第8章:ガルガン山の火竜

第46話:ガルガン山の火竜

(※ガルガン山/頂上の火口)


「全くドワーフのしつこさと言ったらイヤになりますね。」


その影は、火口の中の岩陰で眠る、巨大な火竜を見下ろして独り言を呟く。


「でも、王の命令で先にこちらの領域に忍び込み、アナタを起こした甲斐がありました。」


「さあ、もうひと働きお願いします。ドワーフを絶滅させるのです。」


影が黒いオーラを放つと、巨大な火竜の目がギョロッと見開き、ギョロギョロと辺りを見渡した。
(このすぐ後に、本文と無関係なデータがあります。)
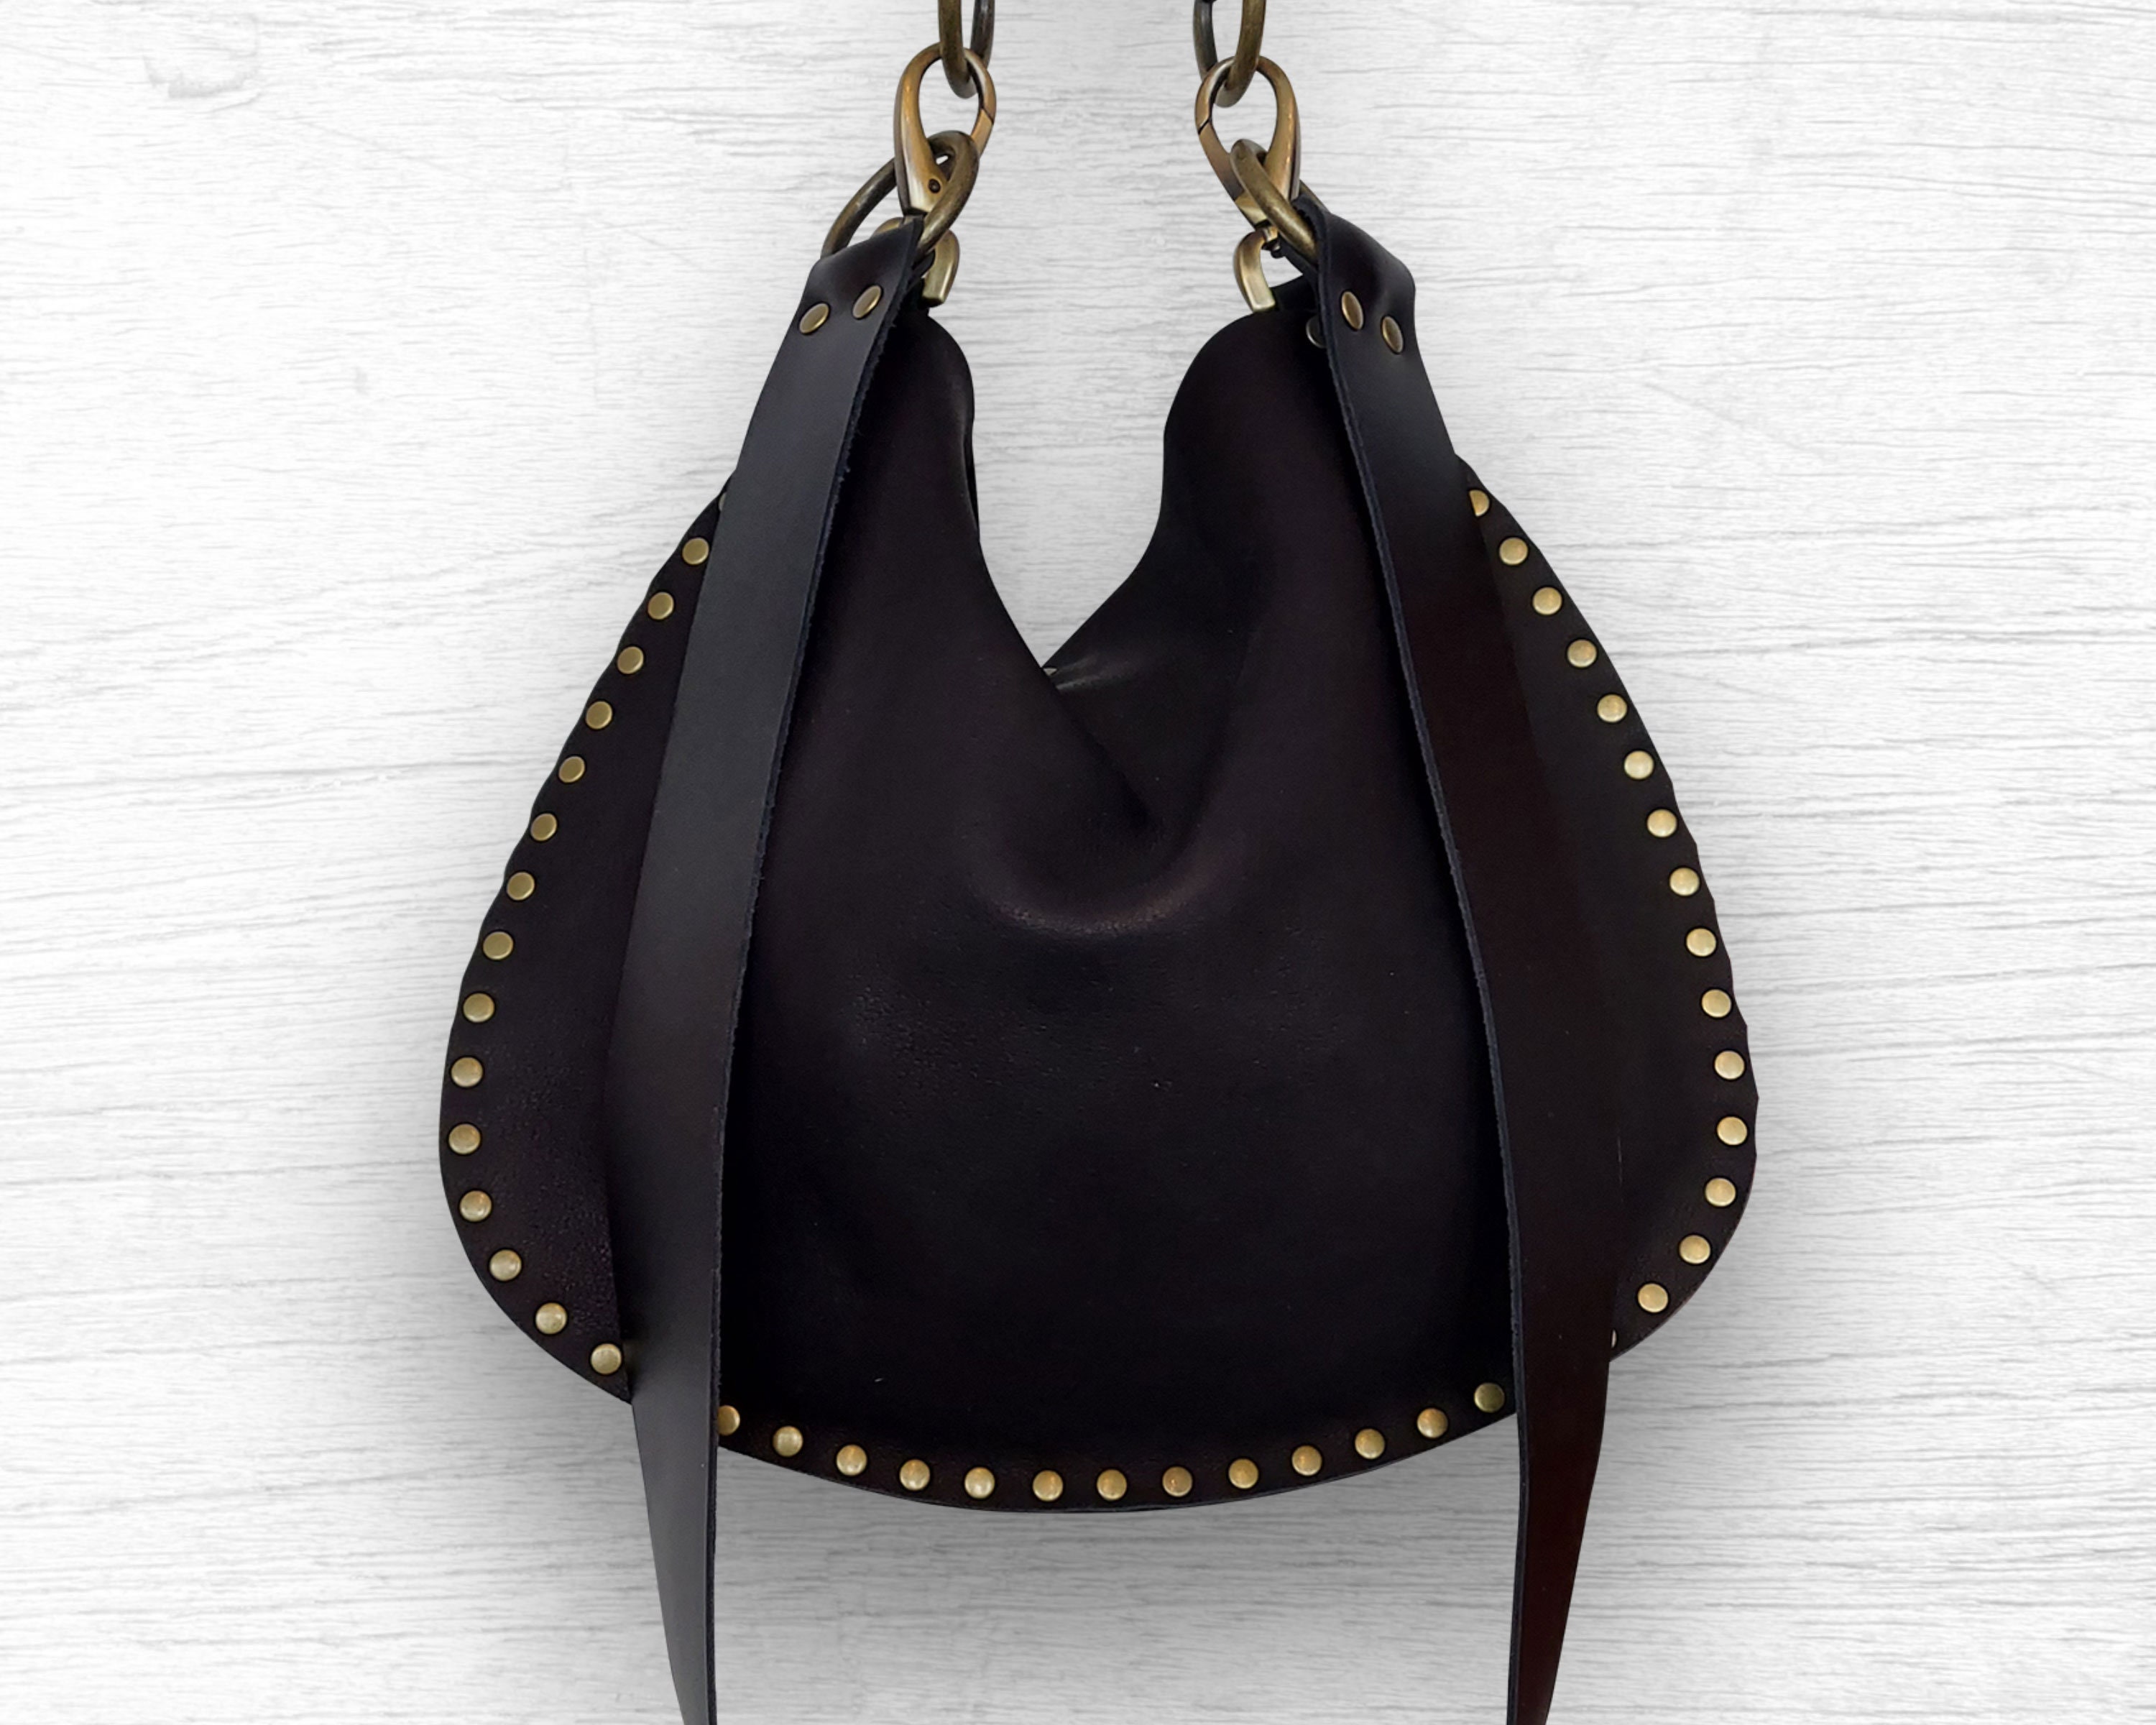 Kate Spade black leather foldover shoulder bag/crossbody – My

眠りを邪魔された巨大な火竜は、影に向かって大きく咆哮ほうこうする。


火口の岩場が衝撃で大きく揺れた。


その火竜は、自分の体長よりも巨大な翼を大きく羽ばたかせ、火口の入口へと浮かび上がった。


◇◇◇◇◇◇◇◇◇◇◇◇◇◇◇◇◇◇◇◇◇◇


(※ガルガン山/麓のドワーフの街)


「これは・・・」


僕はその風景をみて言葉を失った。


破壊される前は、それはそれはキレイで近代的だったと思われるその街は、今はほとんどが廃墟と化している。


建物は崩れ、瓦礫の山が至る所に積み上げられている。


そして人の気配がほとんどない。


まさかドワーフ族はみんな・・・。


「ここまでとは・・・」


ローザさんの表情が厳しくなる。


「生存者がいるかもしれないわ!まずは、街の中を探しましょう。」


ユラさんが声をあげる。


その時・・・・


「ギャアアアアアアア!」


とてつもない大きな咆哮が辺りに響く。


「なっ、なに?」


ミナさんが叫ぶ。


まさか・・・!!!


これは!!!!


空を見上げると、40〜50mはあろう巨大な赤いドラゴンが、僕たちの真上を通過していった。


フレアドラゴン!!!!


フレアドラゴンが通過した後、強風が僕たちを襲う。


「あれが・・・フレアドラゴン・・・、なんて大きいんだ・・・」


僕は唖然として声を漏らす。


「あんなのどうするってのよ・・・」


ミナさんが呟く。


「ちっ、うちの旦那は一体どこにいったんだい!」


ローザさんが叫んだ。


フレアドラゴンは、大きく旋回して僕たちの方に向かってくる。


まさか、僕たちを襲うつもりなのか!!!


「来るわよ!みんな建物の影に隠れて!!!」


アマゾネスたちに向かって、ユラさんが叫んだ。


僕たちは散り散りになって、建物の影に身を潜める。


「ギャオオオオオオン!!!」


フレアドラゴンは、大きな口を開けて、辺り一面に炎のブレスを吐き散らす。


「ぐうううっ!!!なんて熱さだ!!」


僕が隠れるすぐ横の道をフレアドラゴンの炎のブレスが焼き尽くす。


再び、僕らの上空を通過し、大きく旋回する。


「また来るわ!!」


ミナさんが叫ぶ!


その時、物陰からローザさんが飛び出して、フレアドラゴンに向かって大きな斧を構える。


「かかってこい!この赤トカゲ!」


「バカッ!!!戦士一人でどうにかできるレベルじゃないわよ!!!」


ユラさんが、ローザさんの元に走り寄る。


その時・・・


ドゴーーーン!!!


大きな爆発音が起こった。


そしてフレアドラゴンが炎に包まれている。


「ギャアアアアアア!!!」


空中に浮かび、咆哮をあげるフレアドラゴン。


次々と大きな弾がフレアドラゴンに直撃し、大きな爆煙をあげる。


「これは・・・、一体!!!!」


「ギャアアアアアア!!!」


フレアドラゴンは、また大きく旋回し、再び火口の方に飛び去っていった。


「あの爆発は一体・・・・」


僕らはフレアドラゴンの飛び去る空をしばらく眺めた。